Public outrage has seemed so indiscriminate that even the Lincoln Memorial appeared to be a target. For people seeking racial justice, an attack on Lincoln, the “Great Emancipator,” seemed counter-intuitive, yet images circulated widely on the web of graffiti-marred marble walls spray painted with “BLM” and other slogans. The Park Service, though, quickly debunked those images as fake, apparently fabricated by right-wing agitators trying to stir up additional animosity against the protesters. The incident added another troubling wrinkle to a complicated story.

In the midst of all this chaos, I don’t know anyone who had Ulysses S. Grant on their bingo card of destruction. Grant won the Civil War, which brought an end to slavery. Had there been no victory, the Thirteenth Amendment, which formally ended the South’s “peculiar institution,” would’ve been a moot point. Grant was also the most vigorous Civil Rights president until Lyndon Johnson, and his work to suppress the KKK was particularly important.

In his memoirs, Grant asserted in no uncertain terms that

The cause of the great War of the Rebellion against the United States will have to be attributed to slavery. For some years before the war began it was a trite saying among some politicians that ‘A state half slave and half free cannot exist.’ All must become slave or all free, or the state will go down. I took no part myself in any such view of the case at the time, but since the war is over, reviewing the whole question, I have come to the conclusion that the saying is quite true….

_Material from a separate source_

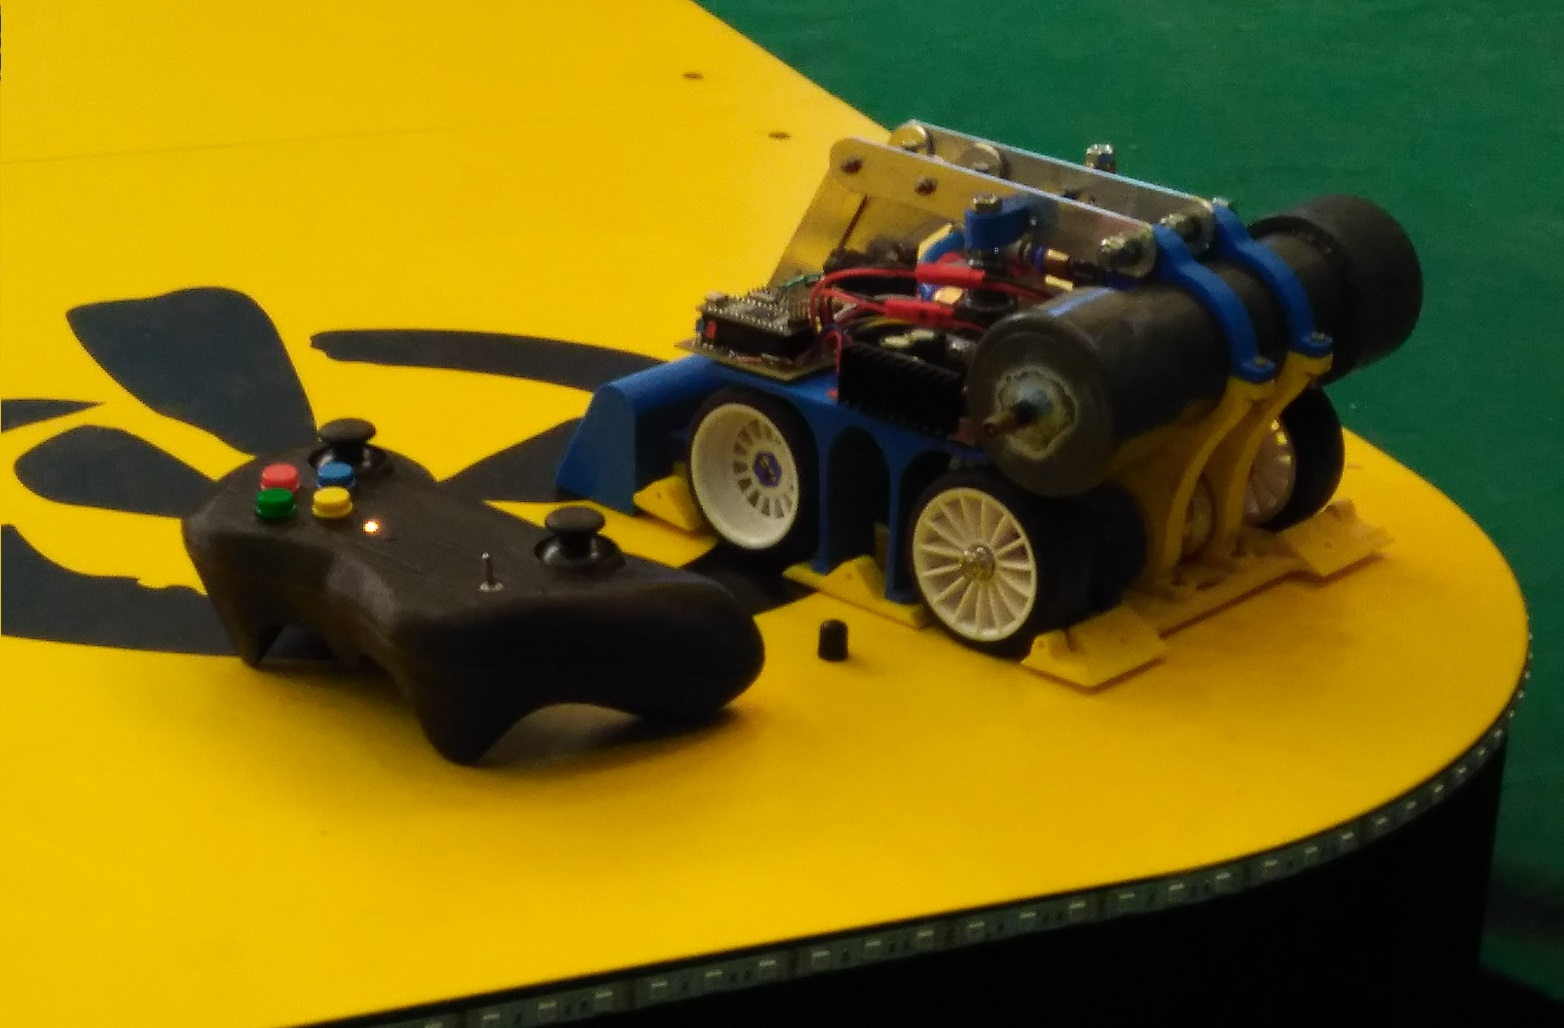 Torneo de robótica

Grant did marry into a slave-holding family, though, and he himself owned a single slave, a 35-year-old man named William Jones, whom Grant freed. (Jones was, as Ulysses S. Grant National Historic Site points out, the last enslaved person owned by a U.S. president.) During the war, Grant also exhibited some anti-Semitism with General Order 11, which expelled Jews from their homes as a supposed war measure. Years later, as president, he set a much more sympathetic tone.

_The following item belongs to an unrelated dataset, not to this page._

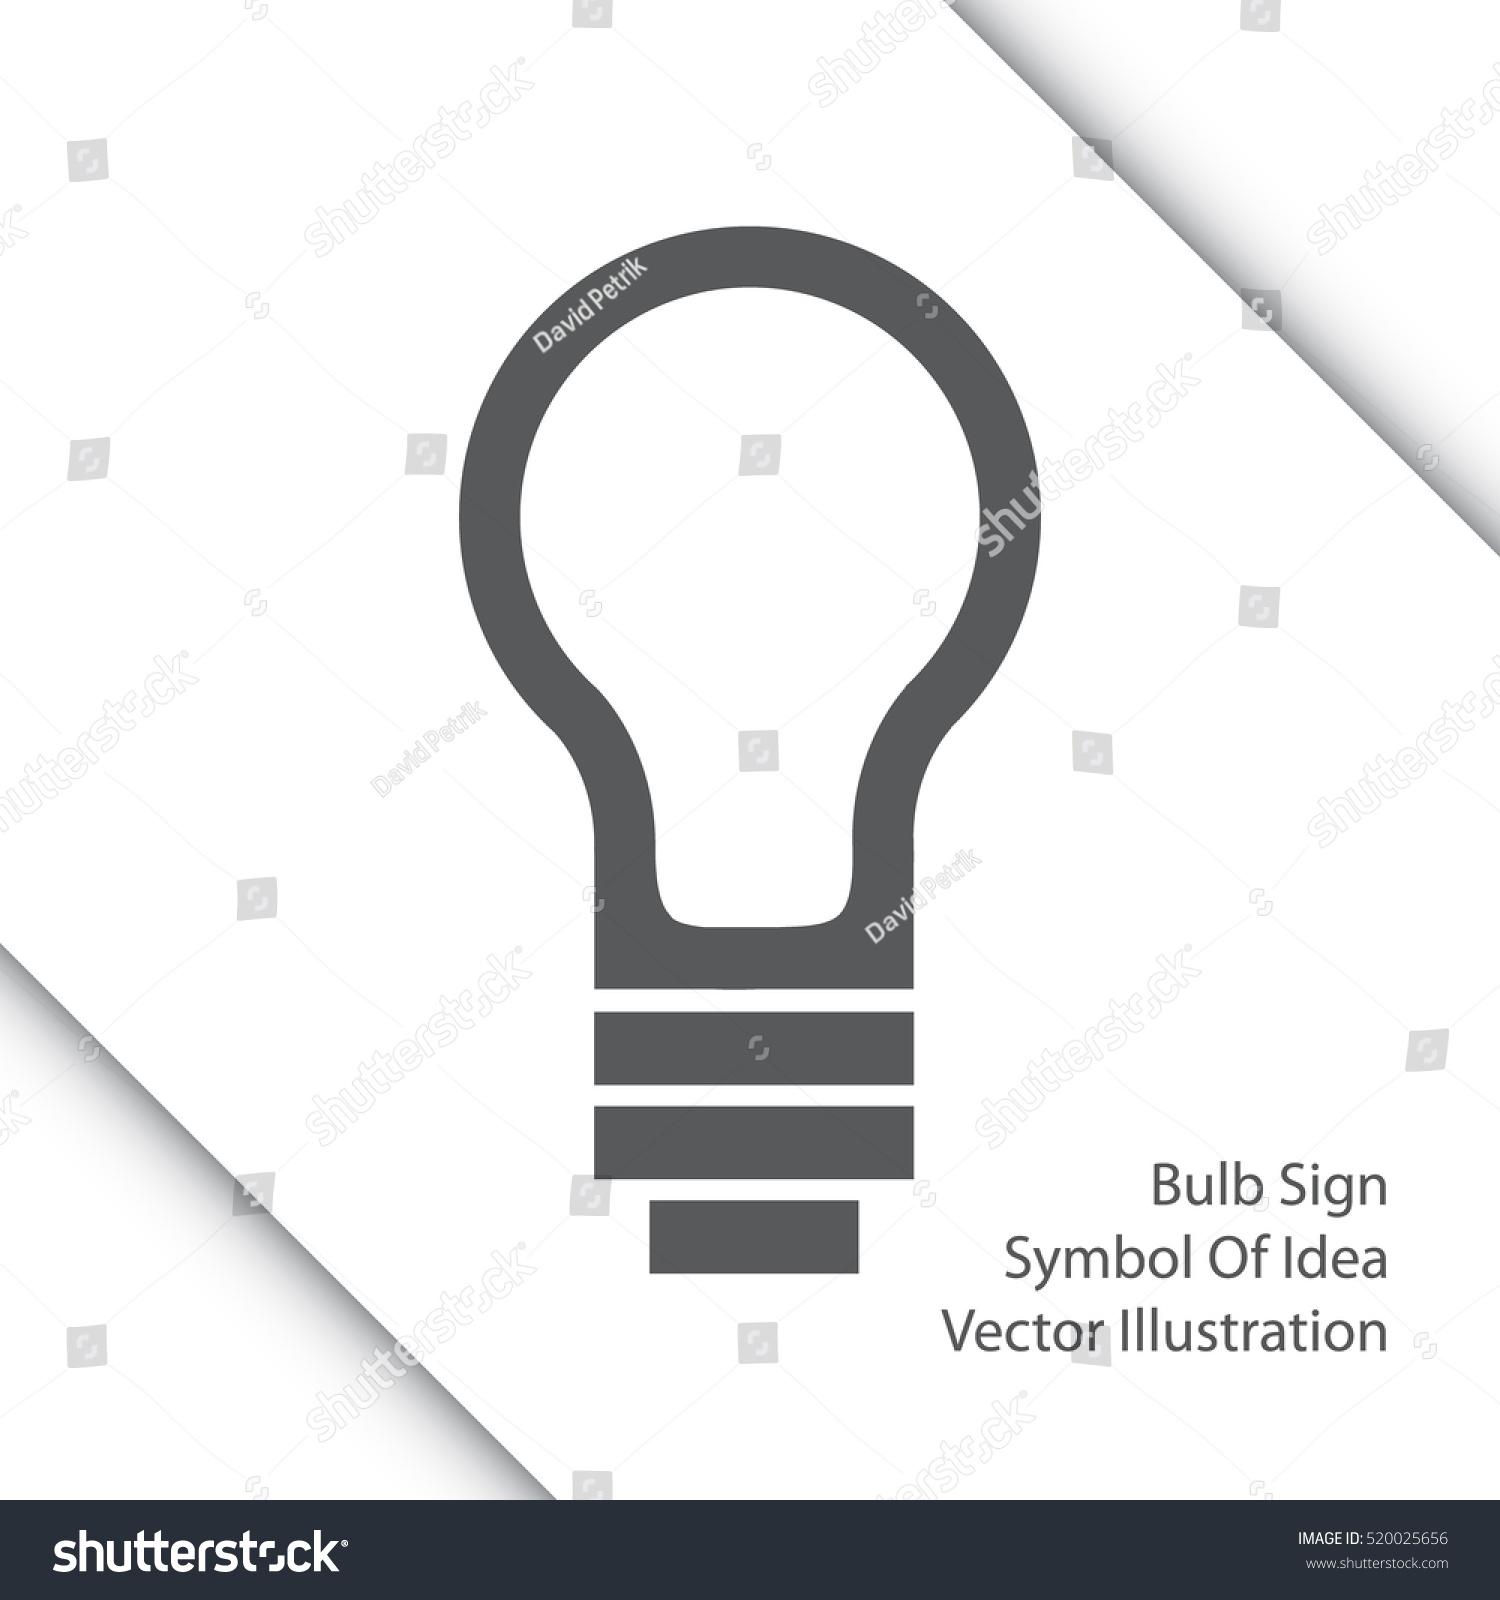 Light bulb line icon sign thinking stock vector 520025656 sign of thinking new idea vector illustration biocorpaavc

Apparently, though, those were tarnishes enough on Grant’s reputation to merit him some good old fashioned vigilante justice in San Francisco. For good measure, protesters also toppled statues of Francis Scott Key, who wrote the National Anthem, and St. Junipero Serra, a Franciscan missionary. San Francisco’s archbishop rightly protested that protests were being hijacked by violence.

Grant-Golden GateThe Grant monument located in Golden Gate Park, consists (consisted) of a bust sculpted by Robert Schmid, which sat on a granite base originally cut by convicts from Folsom Prison. As I recounted in my book Grant’s Last Battle, “The stonecutters union balked, and controversy erupted. The base was recut. Controversy also rose over the monument’s $8,000 price tag. Because of all the trouble, dedication dates are hard to pin down: 1894, 1896, and 1904.”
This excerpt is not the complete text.